You can think of what the points mean in the technical sense and try not to read anything more into them.
1) You sense something, your brain state is conditional on atleast some part of the universe. Do not make assumtions on whether it's a "fair" or "true" representation. At the most extreme you could have a single bit of information and for example no insight on how that bit is generated (ie by default and from epistemoligcal first grounds our behaviour is opaque).
2) We move from one computation state to another based on non-vanishingly on what state we were previously on. Ie our thoughts go in trains, it does matter what we thought before on what we will think next. Do not make any assumtion s that these trains have any "fair" or "true" representation about anything. We simply work in a not the way. We don't know how sane we are but we know that there is a method to our functioning, it is not adequately modeled as dice throws.
3) Our current computational state is the result of our past computations. Again no guarantees of "representing" or being "faitfull" to the past states are given.
Now your reservation about 1) does a photoreceptor need any other basis to fire rather than triggering? Is it possible for it to fire in "error"? For what we see is preciously how it fires. Then compared to a tactile sensor does a photoreceptor or it behave more "right" than other? From the inside we might not be able to distinguish which is which. So from the inside it seems taht mystery sense X fires sometimes and mystery sense Y fires sometimes. What would it even mean for these senses to be "misleading" or "false"?
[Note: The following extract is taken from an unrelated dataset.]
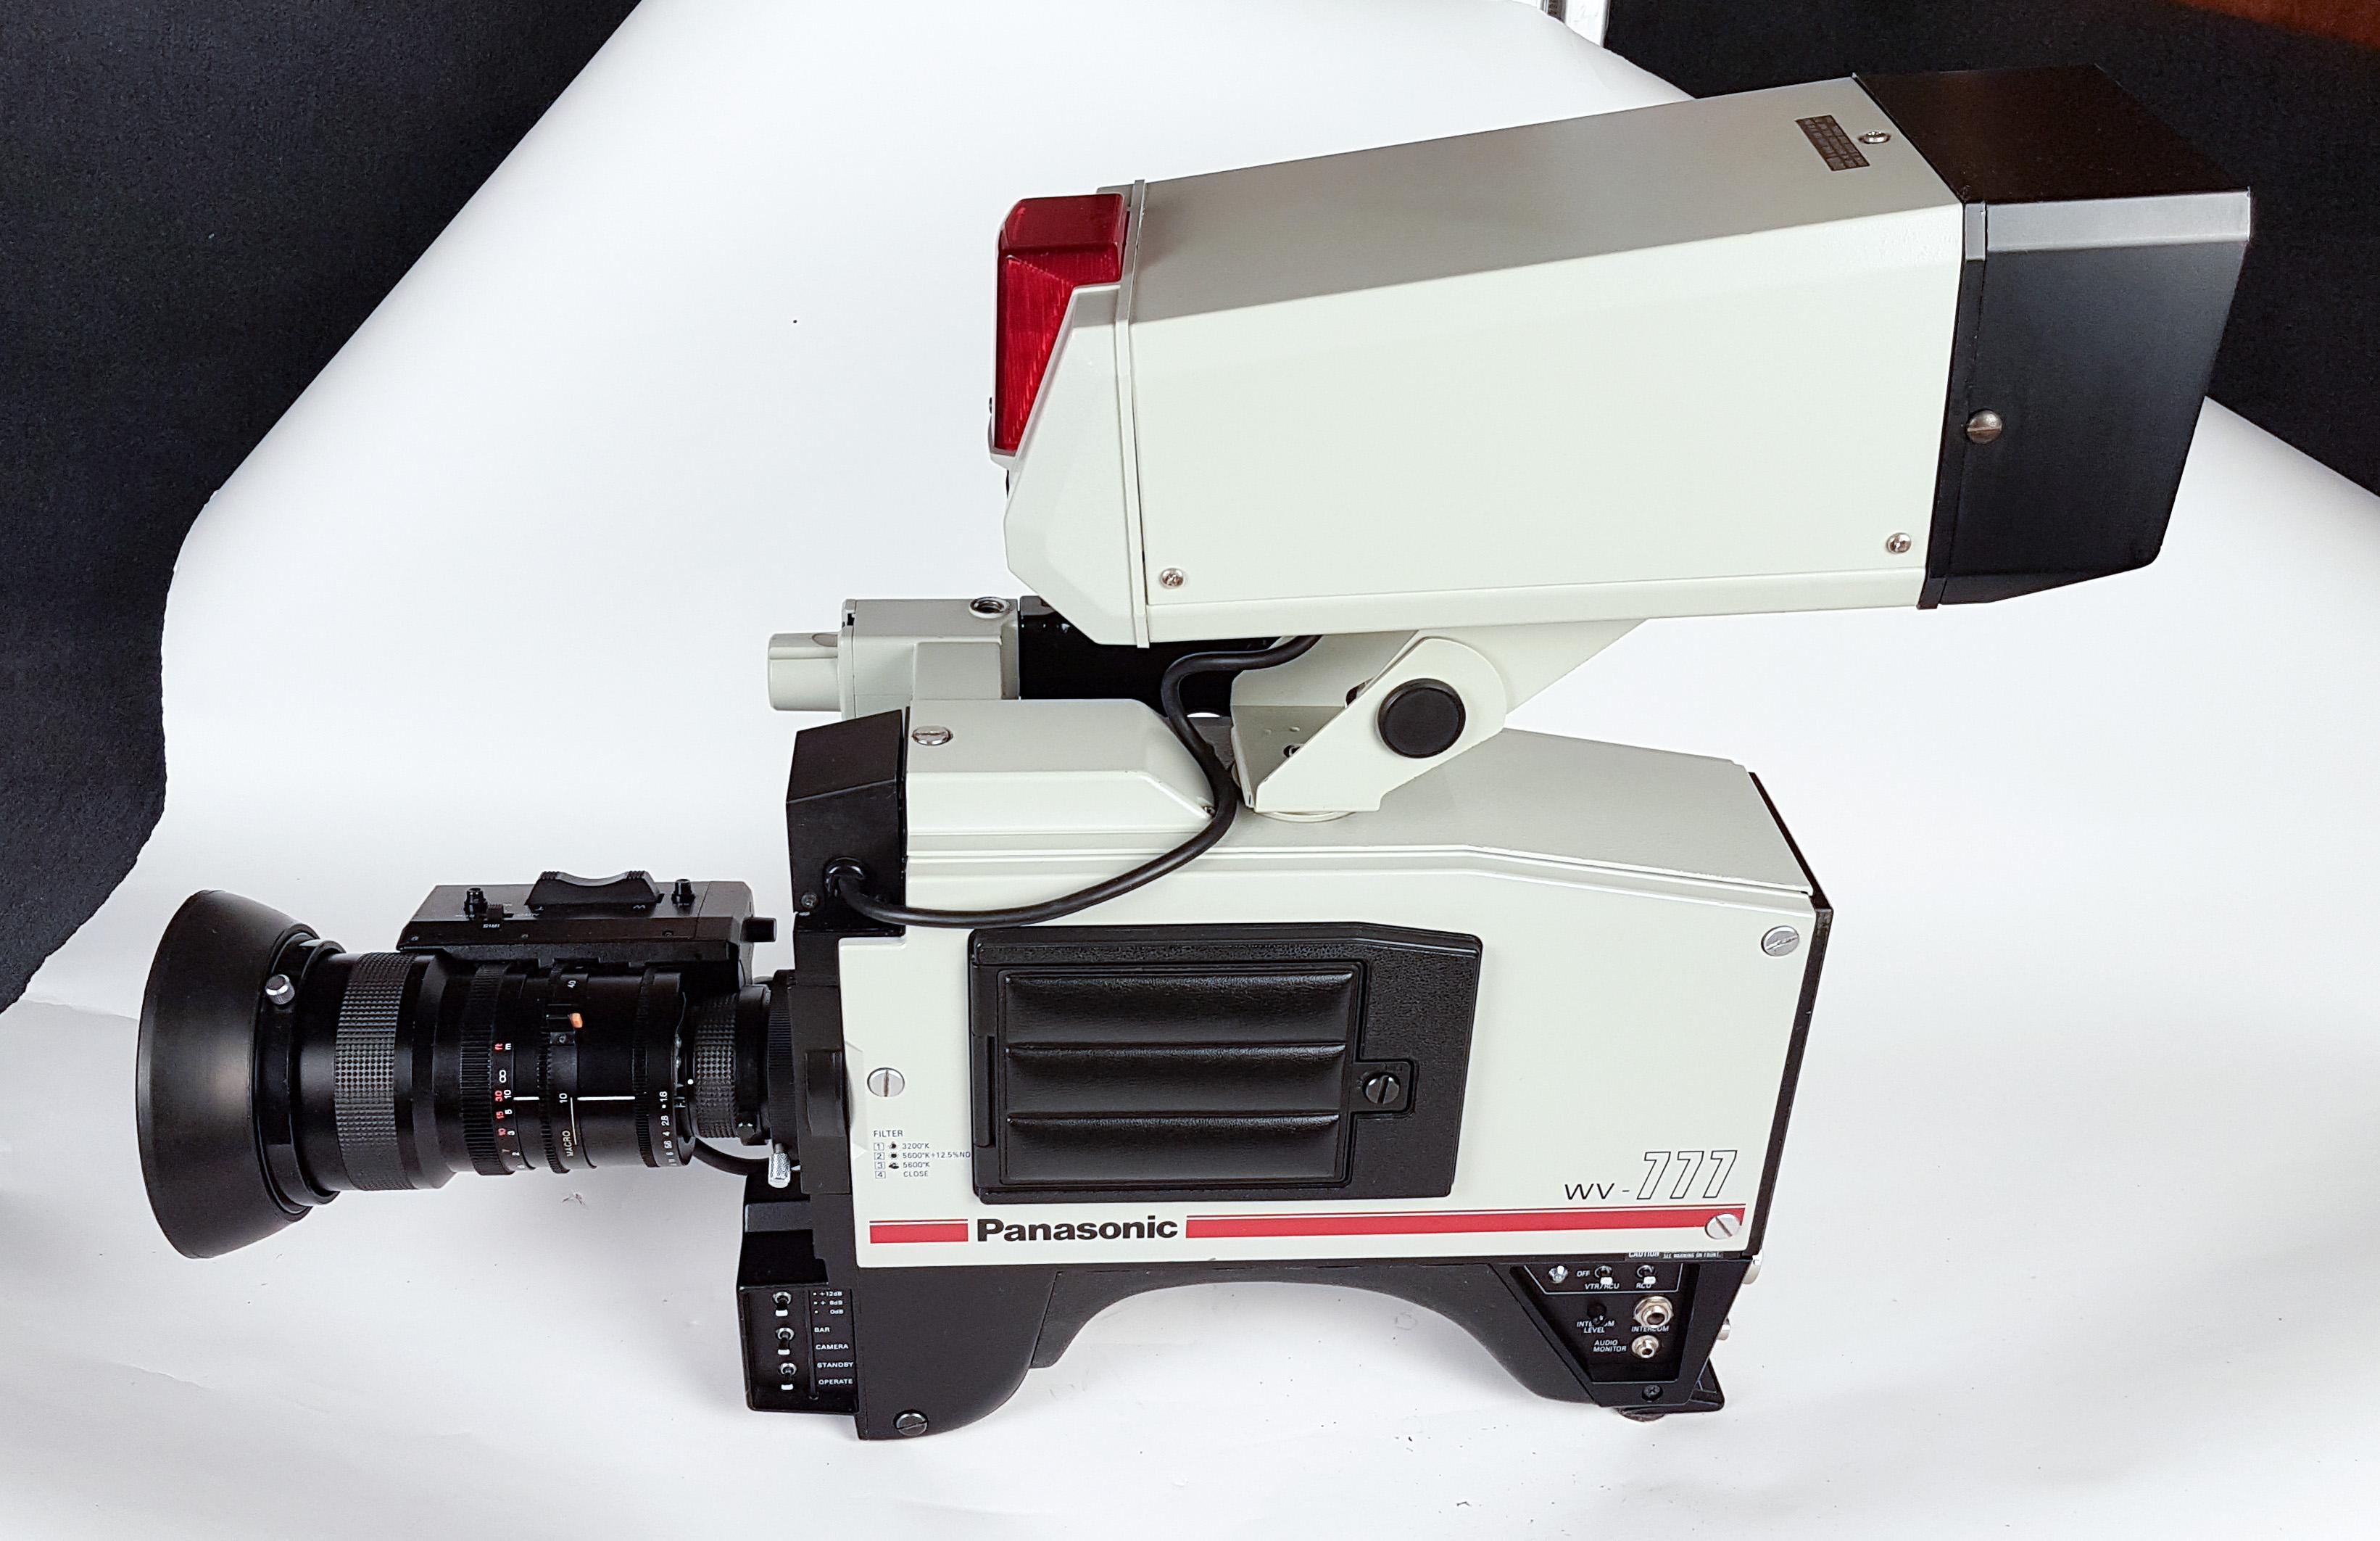 Panasonic WV-777 large viewfinder -  (1 von 6)

The gripes about 2 can be framed as if you are able to grasp a situation one way then you can work on that. If you have no grasp of anything that would be equivalent like being like a dice. There need not be an all encompassing competency. Even if you have a basic abiity to imagine alternatives and then pick one you can work forward. What woudl be bad would be the inability to try a solution or being unable to be mentally stimulated by ones experience. Even if you begin with a flavour of madness you can come to know that flavour of madness and take into account it continuing forward. Ie you could have that when you think you see green you actually see red. If you then install a color reversal you can be more compatible/succesull with your surroundings/qualia-jungle. There is no "innate color ability" but being able to contextualise your thoughts with other experiences gives them a certain class of practicality (such as such-and-such perception being involved with a noun with letters R, E and D) .
About 3 your memories aqre not given by some outswide actor. They were crafted by you so you know their format and the circumstances where you would create them. If you call a hitpoint a smeerph, it doesn't still make memories about smeerphs "false". It has to be given also that memories are also one possibly confusing and distracting part of qualia-jungle. Maybe you are experiencing your feelings of anxiety when you are remembering an object as big. But how can it be said that such a memory would be wrong when there is no strict demand to interpret memories to only be about physical size? Ie given proper relation to what mental mechnisms generate them memories can only be correct because mental notekeeping strategies are freely chooseable.
Standard methods of inferring knowledge about the world are based off premises that I don’t know the justifications for. Any justification (or a link to an article or book with one) for why these premises are true or should be assumed to be true would be appreciated.
Here are the premises:
“One has knowledge of one’s own percepts.” Percepts are often given epistemic privileges, meaning that they need no justification to be known, but I see no justification for giving them epistemic privileges. It seems like the dark side of epistemology to me.
“One’s reasoning is trustworthy.” If one’s reasoning is untrustworthy, then one’s evaluation of the trustworthiness of one’s reasoning can’t be trusted, so I don’t see how one could determine if one’s reasoning is correct. Why should one even consider one’s reasoning is correct to begin with? It seems like privileging the hypothesis, as there are many different ways one’s mind could work, and presumably only a very small proportion of possible minds would be remotely valid reasoners.
“One’s memories are true.” Though one’s memories of how the world works gives a consistent explanation of why one is perceiving one’s current percepts, a perhaps simpler explanation is that the percepts one are currently experiencing are the only percepts one has ever experienced, and one’s memories are false. This hypothesis is still simple, as one only needs to have a very small number of memories, as one can only think of a small number of memories at any one time, and the memory of having other memories could be false as well.